(Required work) An exact reproduction of the listing is wanted, with the pictures dropped.

### Dataset excerpt ###

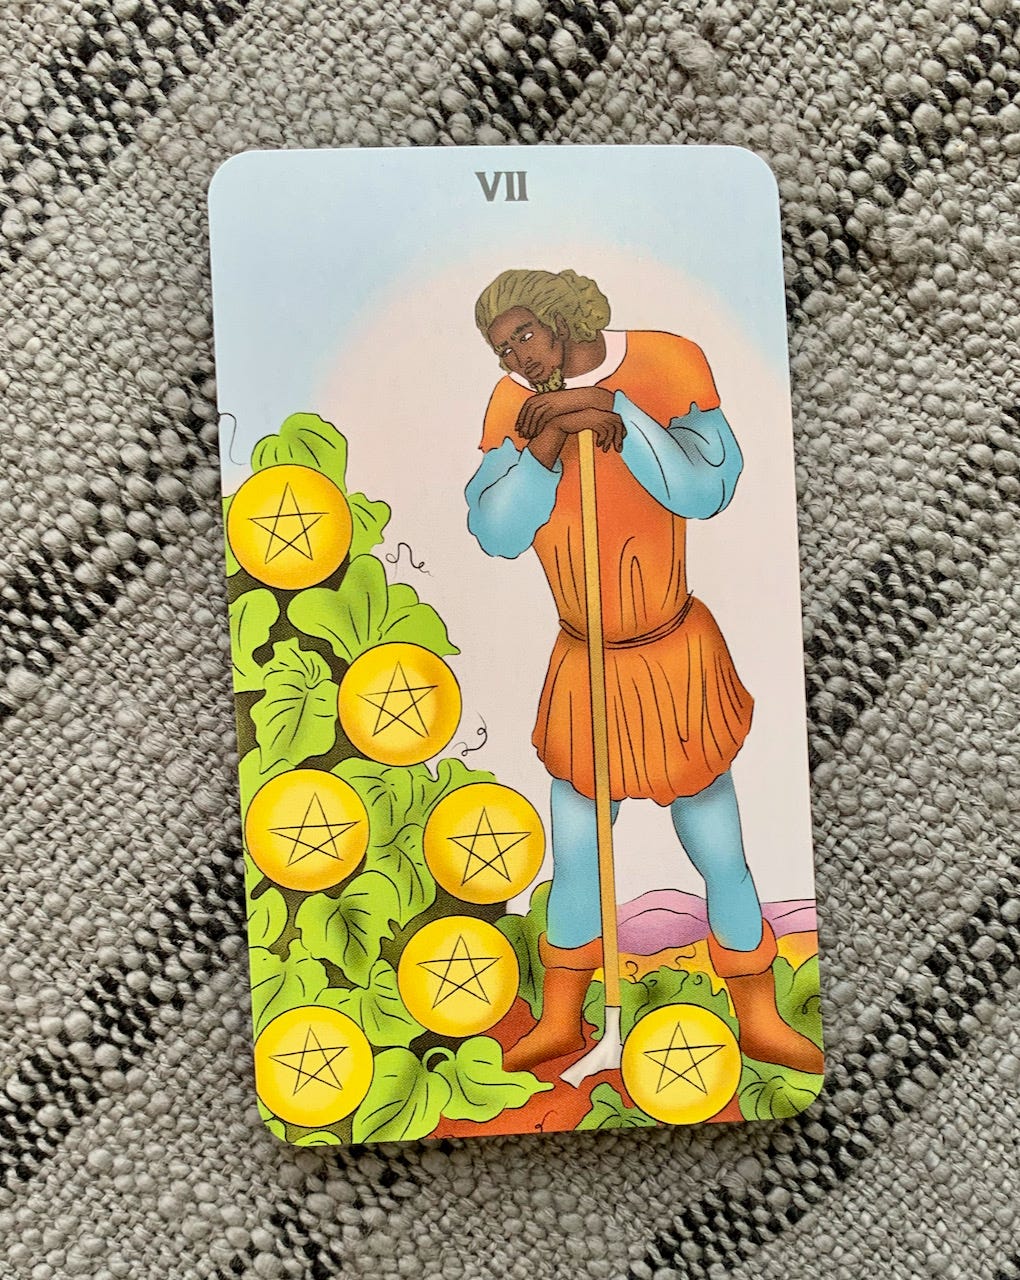 A black man in an orange and blue tunic leans on a hoe and looks at a patch of pumpkins, but the pumpkins are pentacles
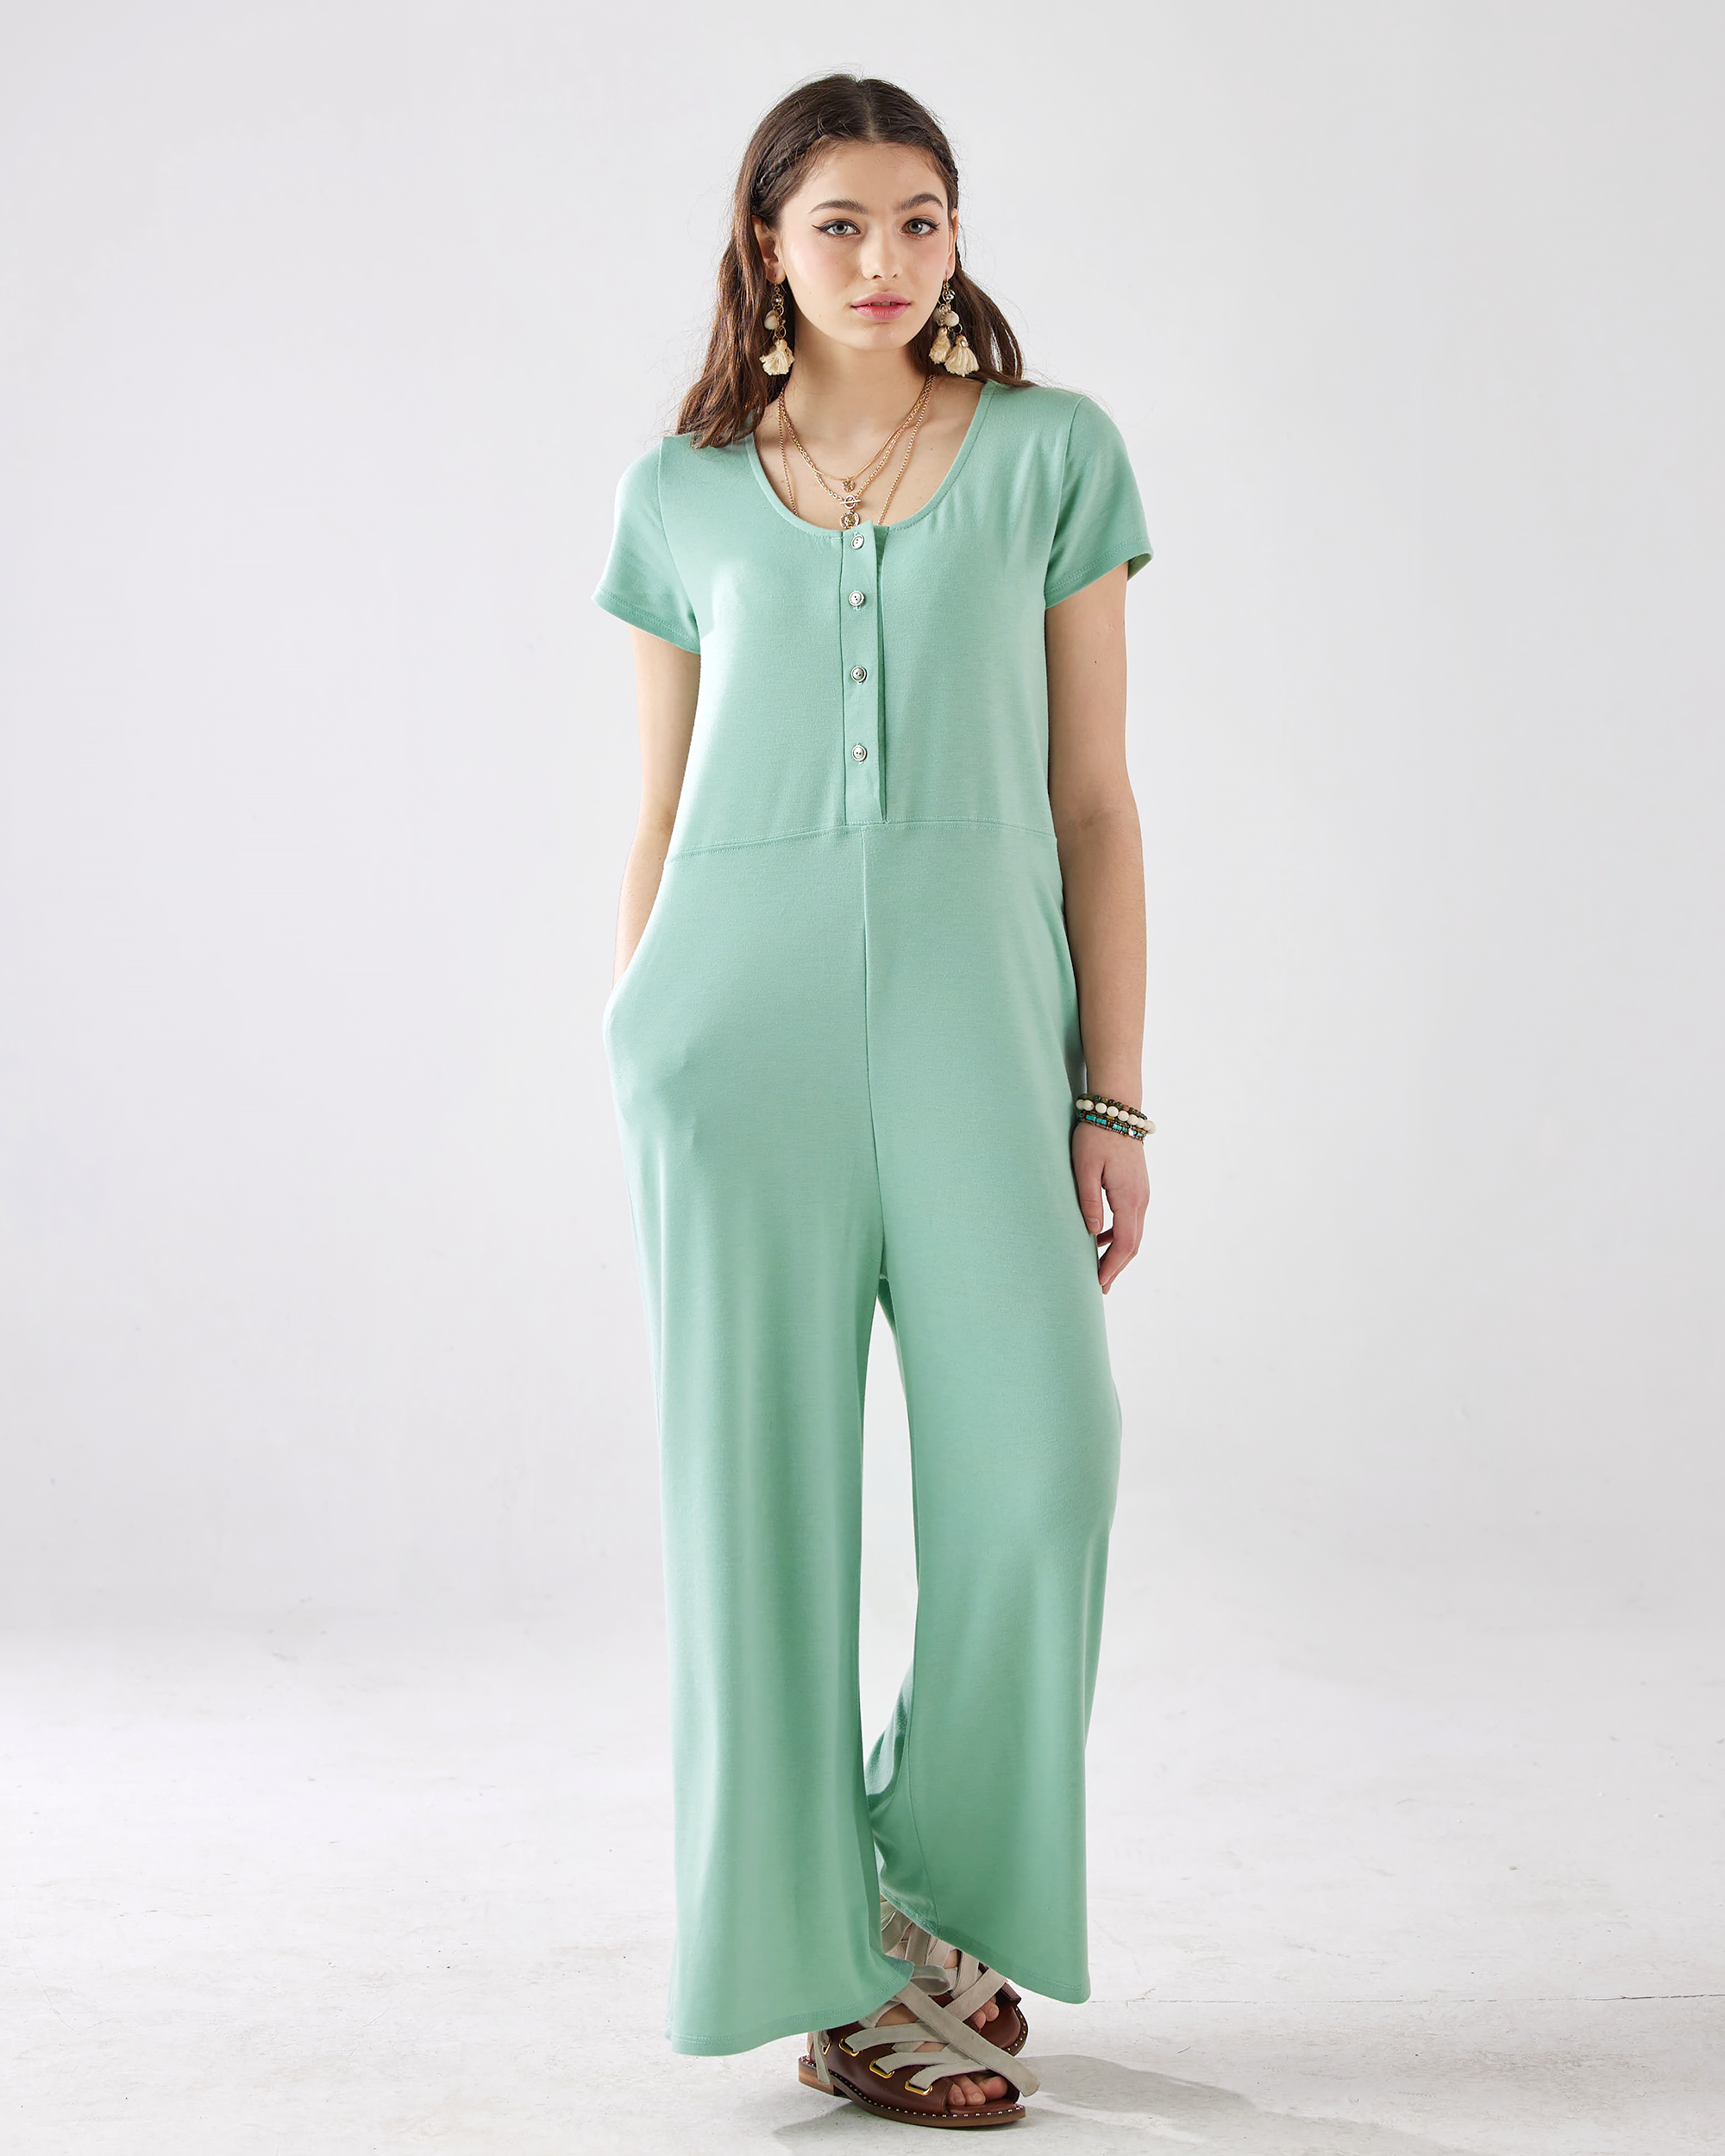 Washed Mint Jumpsuit: Fresh Button-Up Style
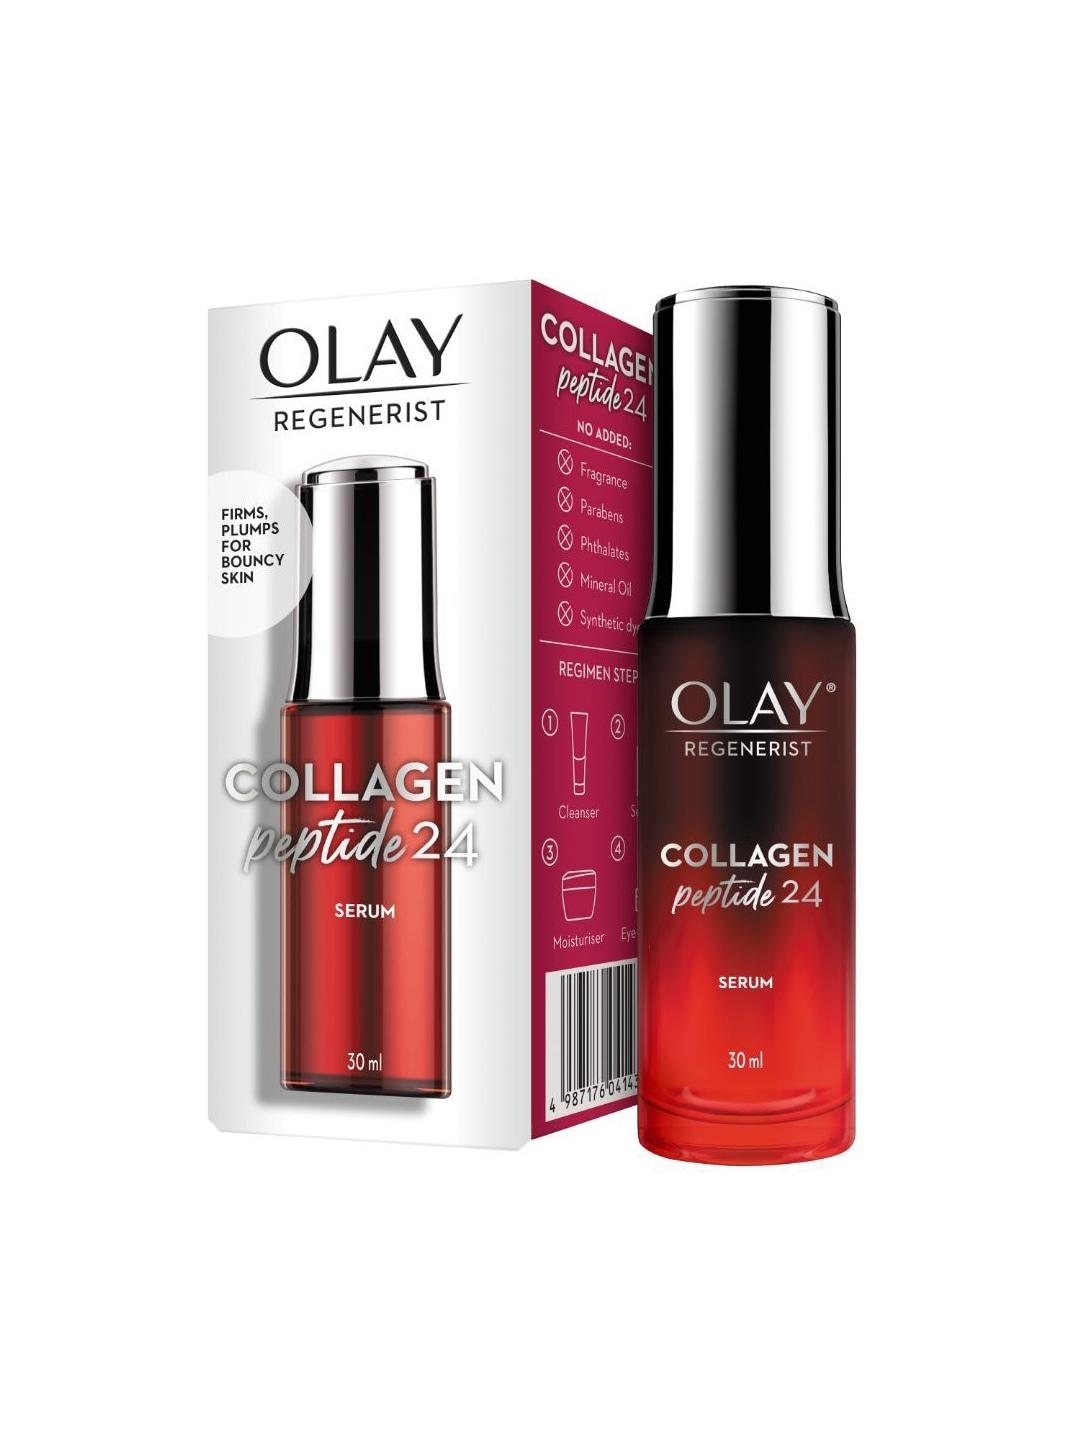 Olay Regenerist Collagen Peptide 24 Face Serum with Niacinamide 30 ml

###

(Exercise output)
 A black man in an orange and blue tunic leans on a hoe and looks at a patch of pumpkins, but the pumpkins are pentacles
 Washed Mint Jumpsuit: Fresh Button-Up Style
 Olay Regenerist Collagen Peptide 24 Face Serum with Niacinamide 30 ml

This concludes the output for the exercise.